* [Activity]
The lines you should transcribe are those from the one containing "Story Magic PYO" to the end of the listing below, exactly, with pictures left out.

* [Stored data]
- Opening Delimiter -

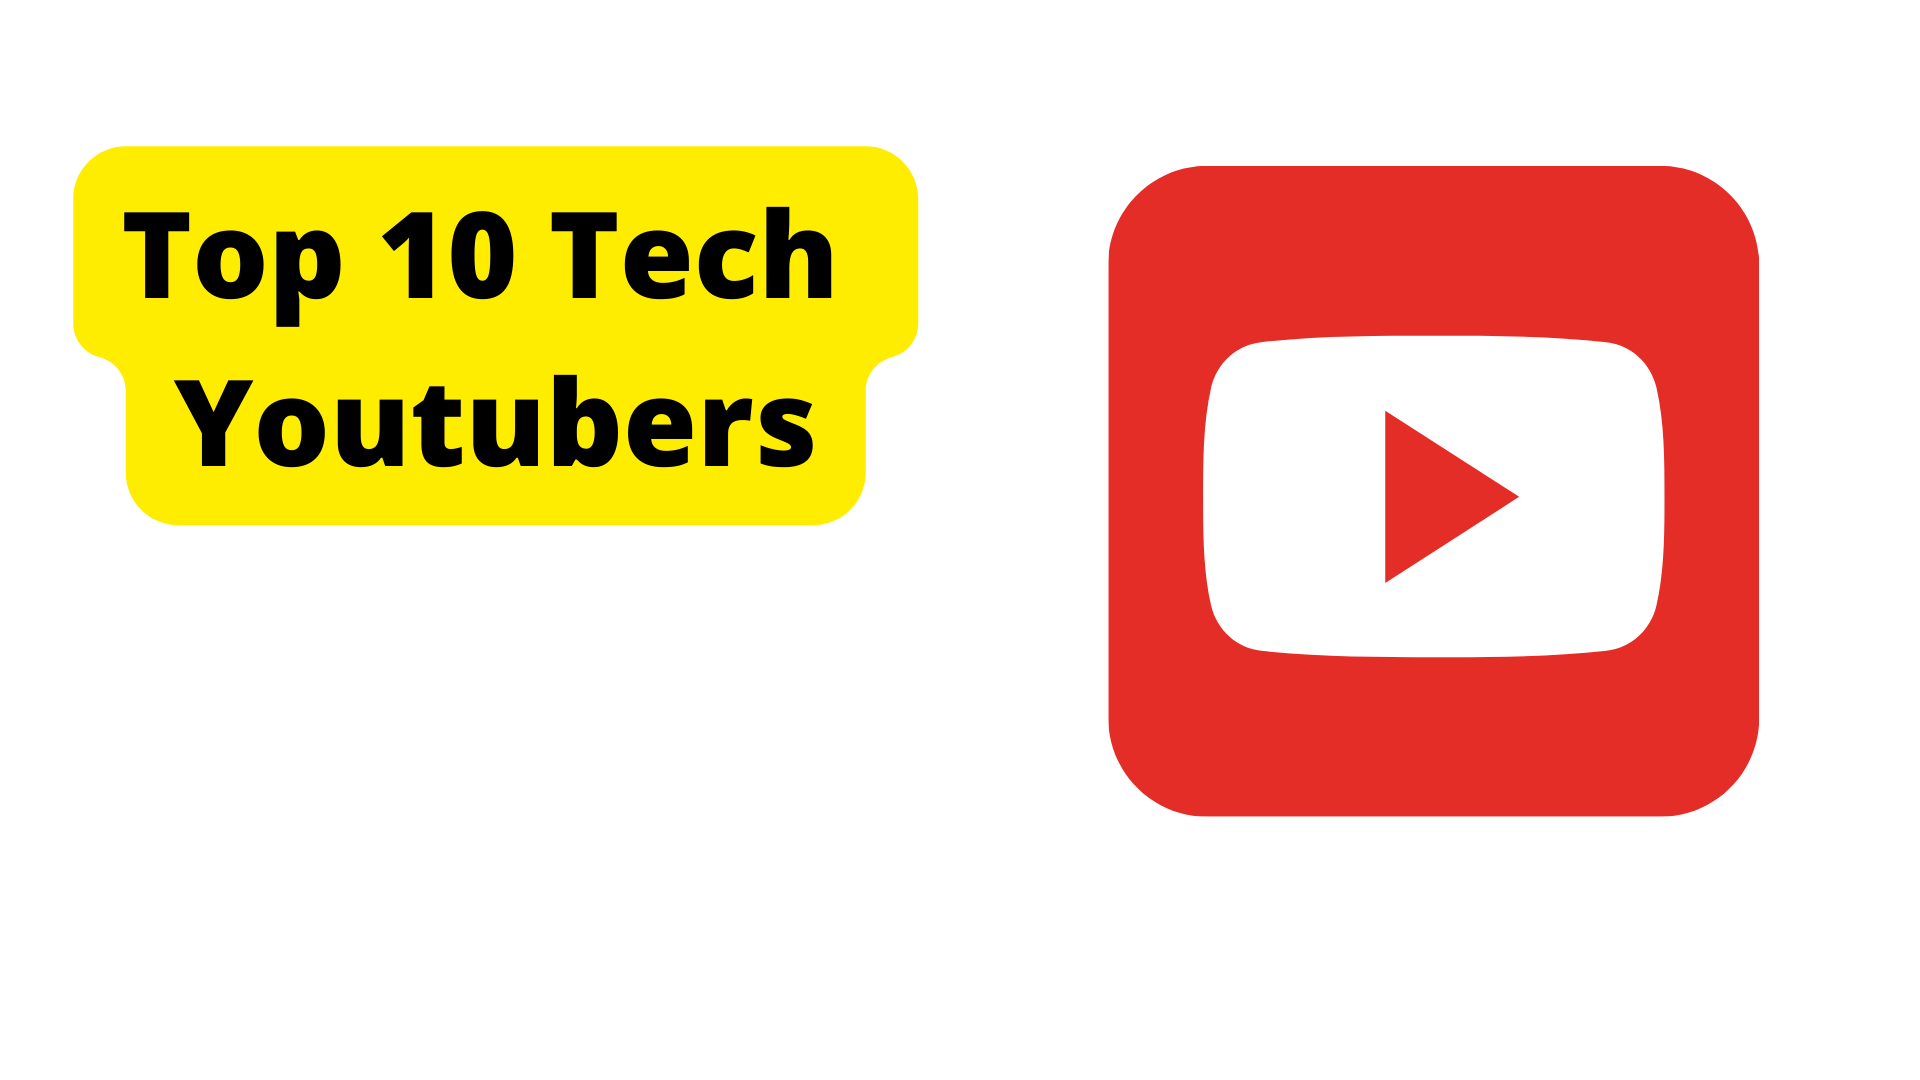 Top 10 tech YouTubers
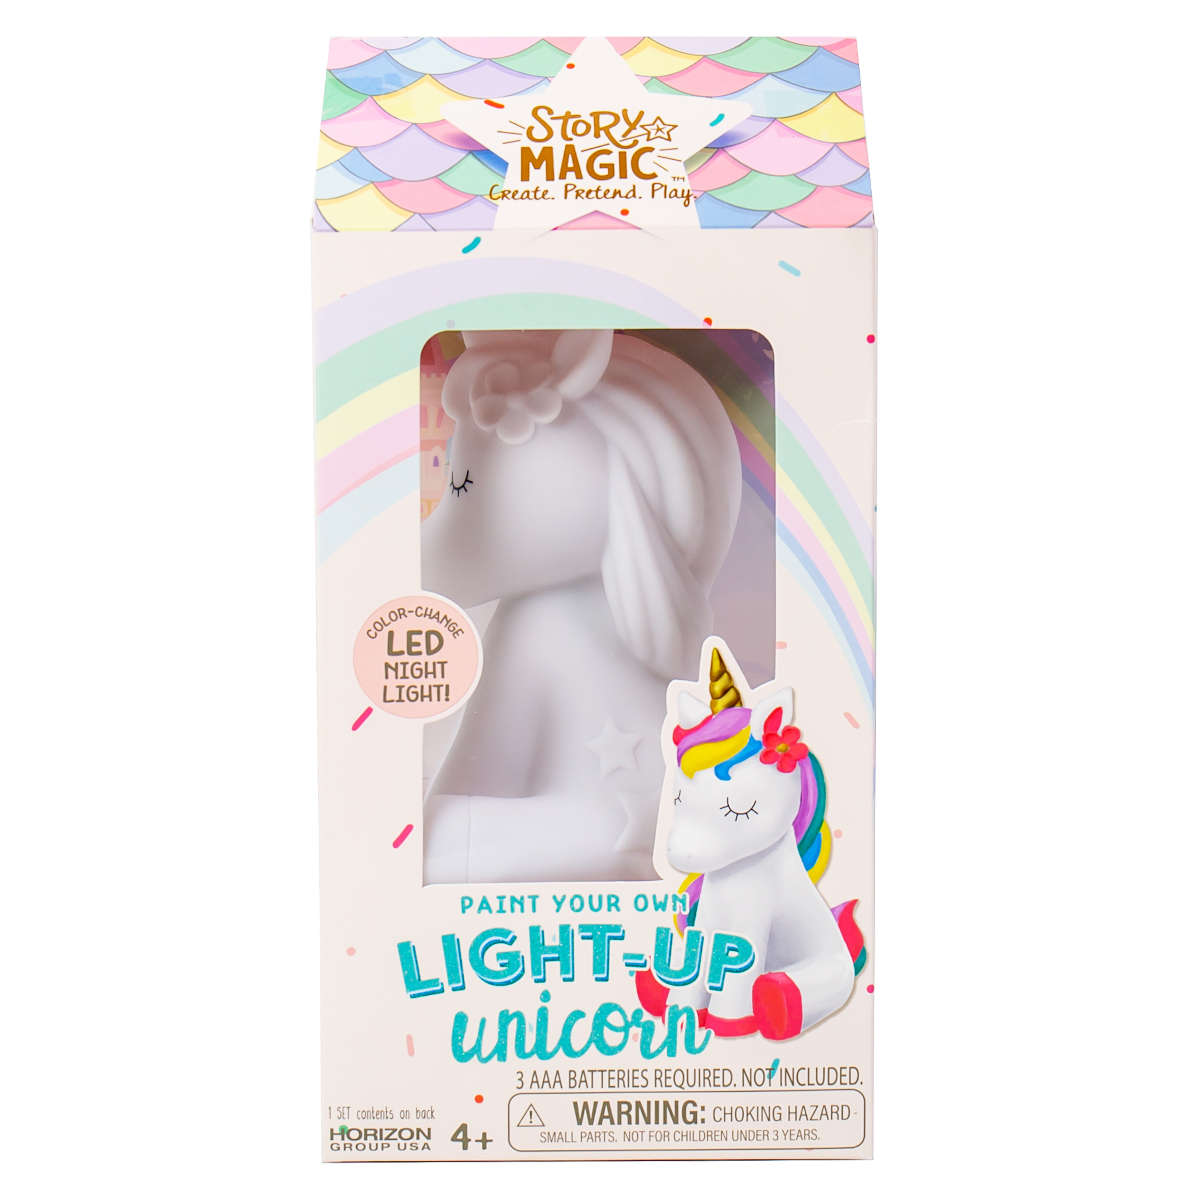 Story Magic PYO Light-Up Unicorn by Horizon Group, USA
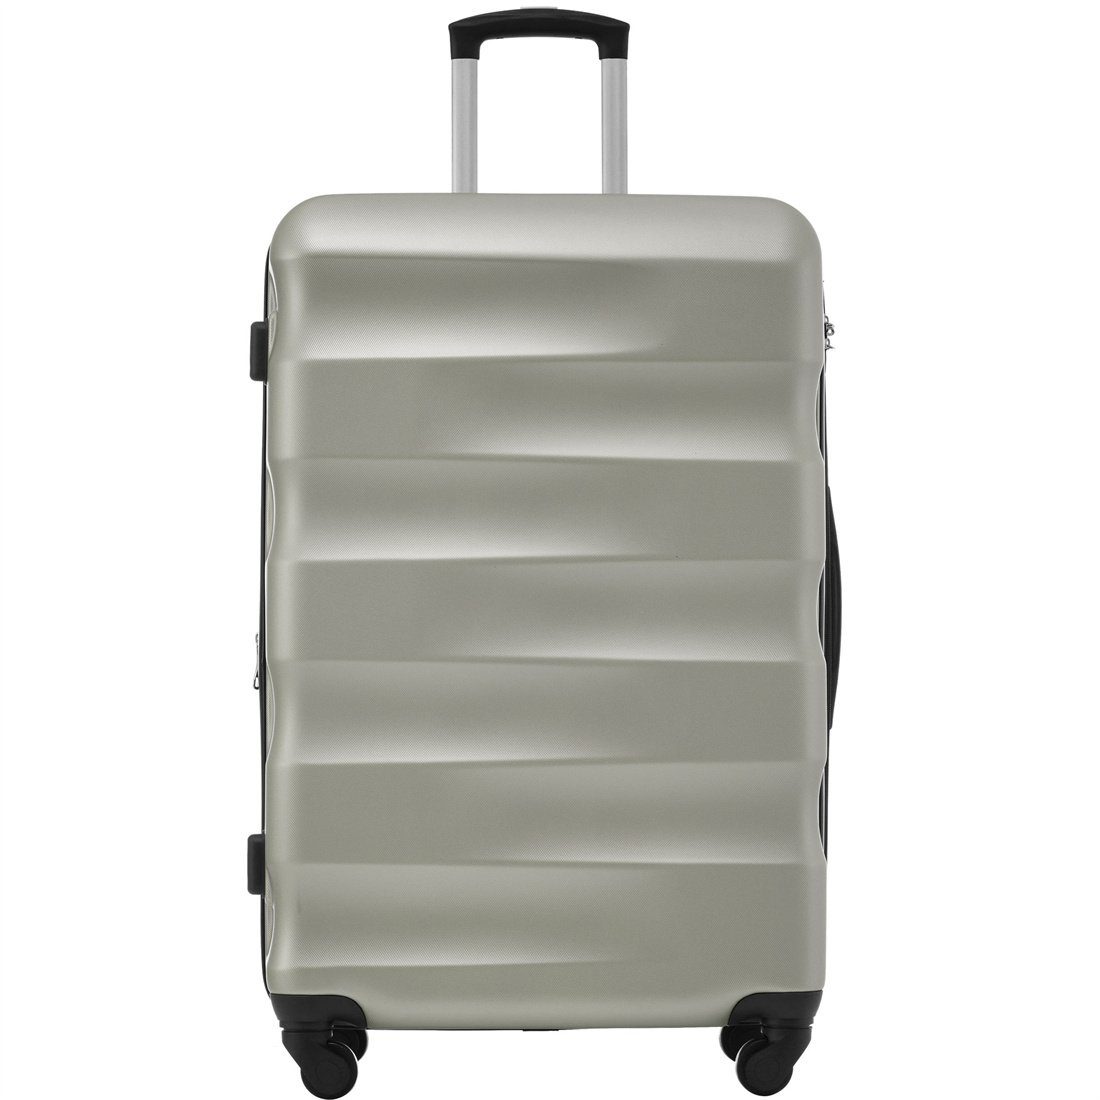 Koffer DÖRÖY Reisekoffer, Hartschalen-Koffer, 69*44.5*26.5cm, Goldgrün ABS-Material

- Closing Delimiter -

* [Reply]
 Story Magic PYO Light-Up Unicorn by Horizon Group, USA
 Koffer DÖRÖY Reisekoffer, Hartschalen-Koffer, 69*44.5*26.5cm, Goldgrün ABS-Material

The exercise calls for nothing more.